Lukas Wunner Aug. 20, 2020, 8:13 a.m. UTC | #3
On Wed, Aug 19, 2020 at 04:06:25PM +0300, Mika Westerberg wrote:
> Sec 7.5.3.6 requires such Ports to support DLL Link Active reporting, but
> at least the Intel JHL6240 Thunderbolt 3 Bridge [8086:15c0] and the Intel
> JHL7540 Thunderbolt 3 Bridge [8086:15ea] do not.
[...]
> +	 * Also do the same for devices that have power management disabled
> +	 * by their driver and are completely power managed through the
> +	 * root port power resource instead. This is a special case for
> +	 * nouveau.
>  	 */
> -	if (!pci_is_pcie(dev)) {
> +	if (!pci_is_pcie(dev) || !child->pm_cap) {

It sounds like the above-mentioned Thunderbolt controllers are broken,
not the Nvidia cards, so to me (as an outside observer) it would seem
more logical that a quirk for the former is needed.  The code comment
suggests that nouveau somehow has a problem, but that doesn't seem to
be the case (IIUC).  Also, it's a little ugly to have references to
specific drivers in PCI core code.

Maybe this can be fixed with quirks for the Thunderbolt controllers
which set a flag, and that flag causes the 1000 msec wait to be skipped?

Thanks,

Lukas
Lyude Paul Aug. 20, 2020, 3:36 p.m. UTC | #4
On Thu, 2020-08-20 at 10:13 +0200, Lukas Wunner wrote:
> On Wed, Aug 19, 2020 at 04:06:25PM +0300, Mika Westerberg wrote:
> > Sec 7.5.3.6 requires such Ports to support DLL Link Active reporting, but
> > at least the Intel JHL6240 Thunderbolt 3 Bridge [8086:15c0] and the Intel
> > JHL7540 Thunderbolt 3 Bridge [8086:15ea] do not.
> [...]
> > +	 * Also do the same for devices that have power management disabled
> > +	 * by their driver and are completely power managed through the
> > +	 * root port power resource instead.
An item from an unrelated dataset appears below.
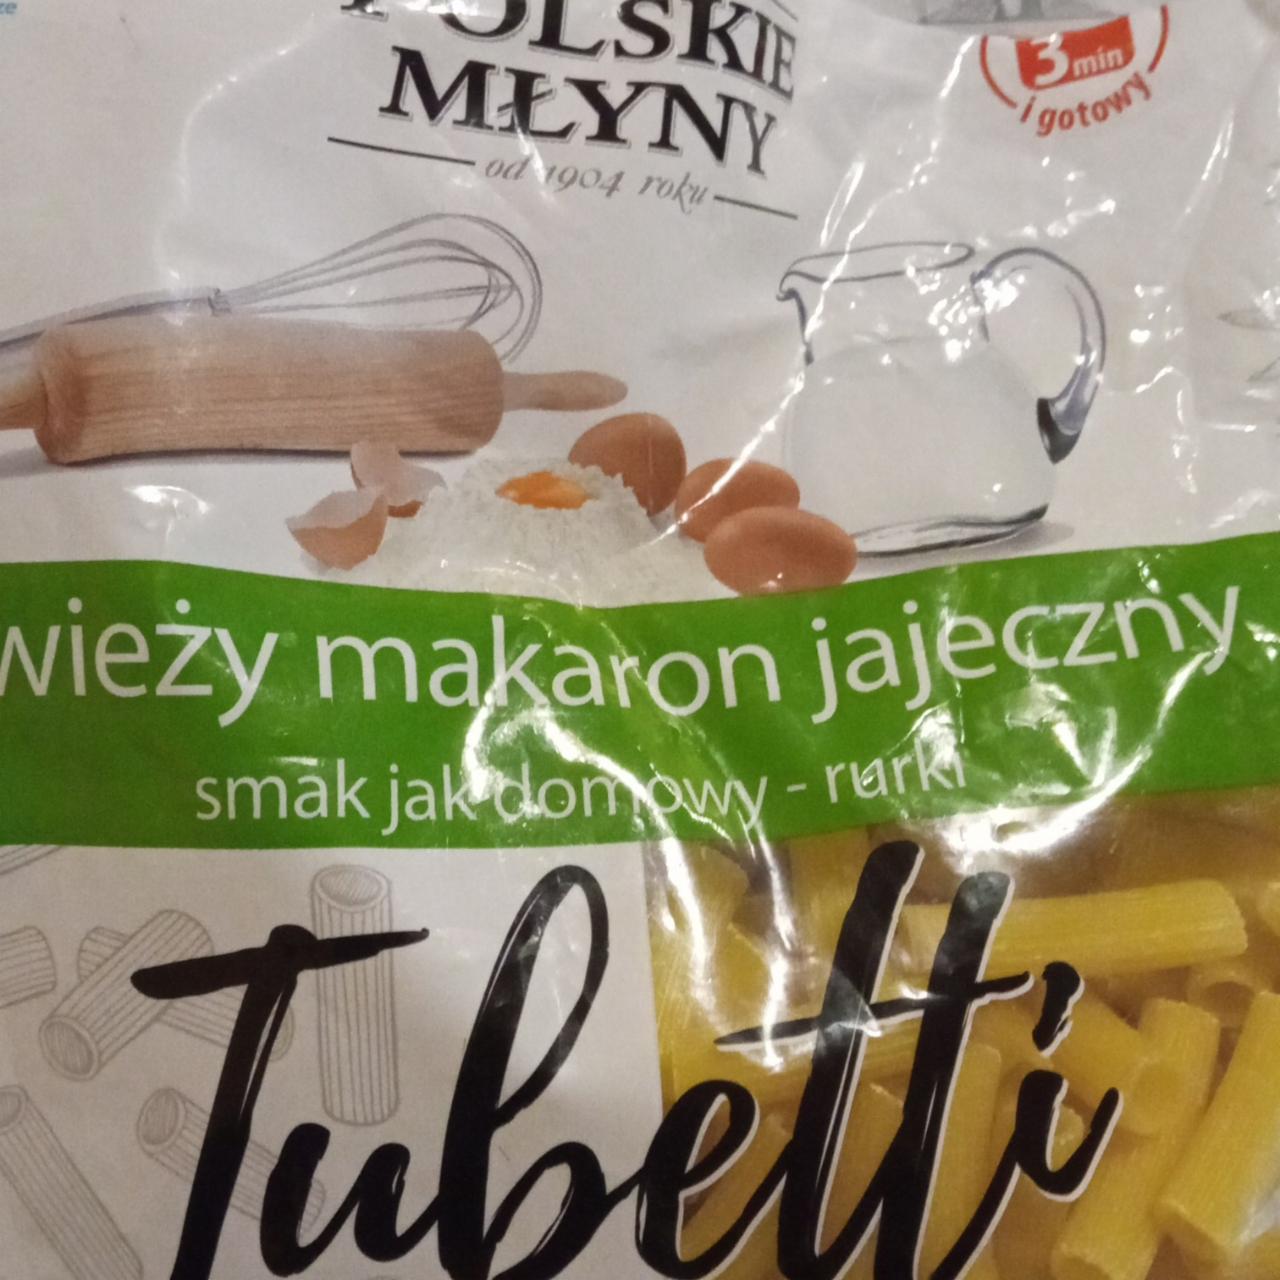 Zdjęcia - Świeży makaron jajeczny tubetti Polskie młyny

This is a special case for
> > +	 * nouveau.
> >  	 */
> > -	if (!pci_is_pcie(dev)) {
> > +	if (!pci_is_pcie(dev) || !child->pm_cap) {
> 
> It sounds like the above-mentioned Thunderbolt controllers are broken,
> not the Nvidia cards, so to me (as an outside observer) it would seem
> more logical that a quirk for the former is needed.  The code comment
> suggests that nouveau somehow has a problem, but that doesn't seem to
> be the case (IIUC).  Also, it's a little ugly to have references to
> specific drivers in PCI core code.
> 
> Maybe this can be fixed with quirks for the Thunderbolt controllers
> which set a flag, and that flag causes the 1000 msec wait to be skipped?
Sorry, some stuff came up yesterday so I didn't get the time to go through my
laptops and test them. I do agree with this though - I'd be worried as well that
nouveau might not be the only driver out there that needs this kind of delay

> 
> Thanks,
> 
> Lukas
>
Mika Westerberg Aug. 21, 2020, 9:32 a.m. UTC | #5
Hi,

On Thu, Aug 20, 2020 at 11:36:37AM -0400, Lyude Paul wrote:
> On Thu, 2020-08-20 at 10:13 +0200, Lukas Wunner wrote:
> > On Wed, Aug 19, 2020 at 04:06:25PM +0300, Mika Westerberg wrote:
> > > Sec 7.5.3.6 requires such Ports to support DLL Link Active reporting, but
> > > at least the Intel JHL6240 Thunderbolt 3 Bridge [8086:15c0] and the Intel
> > > JHL7540 Thunderbolt 3 Bridge [8086:15ea] do not.
> > [...]
> > > +	 * Also do the same for devices that have power management disabled
> > > +	 * by their driver and are completely power managed through the
> > > +	 * root port power resource instead. This is a special case for
> > > +	 * nouveau.
> > >  	 */
> > > -	if (!pci_is_pcie(dev)) {
> > > +	if (!pci_is_pcie(dev) || !child->pm_cap) {
> > 
> > It sounds like the above-mentioned Thunderbolt controllers are broken,
> > not the Nvidia cards, so to me (as an outside observer) it would seem
> > more logical that a quirk for the former is needed.  The code comment
> > suggests that nouveau somehow has a problem, but that doesn't seem to
> > be the case (IIUC).  Also, it's a little ugly to have references to
> > specific drivers in PCI core code.
> > 
> > Maybe this can be fixed with quirks for the Thunderbolt controllers
> > which set a flag, and that flag causes the 1000 msec wait to be skipped?
>
> Sorry, some stuff came up yesterday so I didn't get the time to go through my
> laptops and test them. I do agree with this though - I'd be worried as well that
> nouveau might not be the only driver out there that needs this kind of delay

I actually expect that nouveau is the only one because it is doing some
PM tricks to get the runtime PM working, which is that it leaves the GPU
device in D0 and puts the parent root port into D3cold. The BIOS ASL
code has some assumptions there and I think this 1000 ms delay just
works that around by luck ;-)

IIRC Bjorn suggested quirking the affected downstream ports when I
originally sent the patch but I thought we could make this solution more
generic. Which of course, did not work too well.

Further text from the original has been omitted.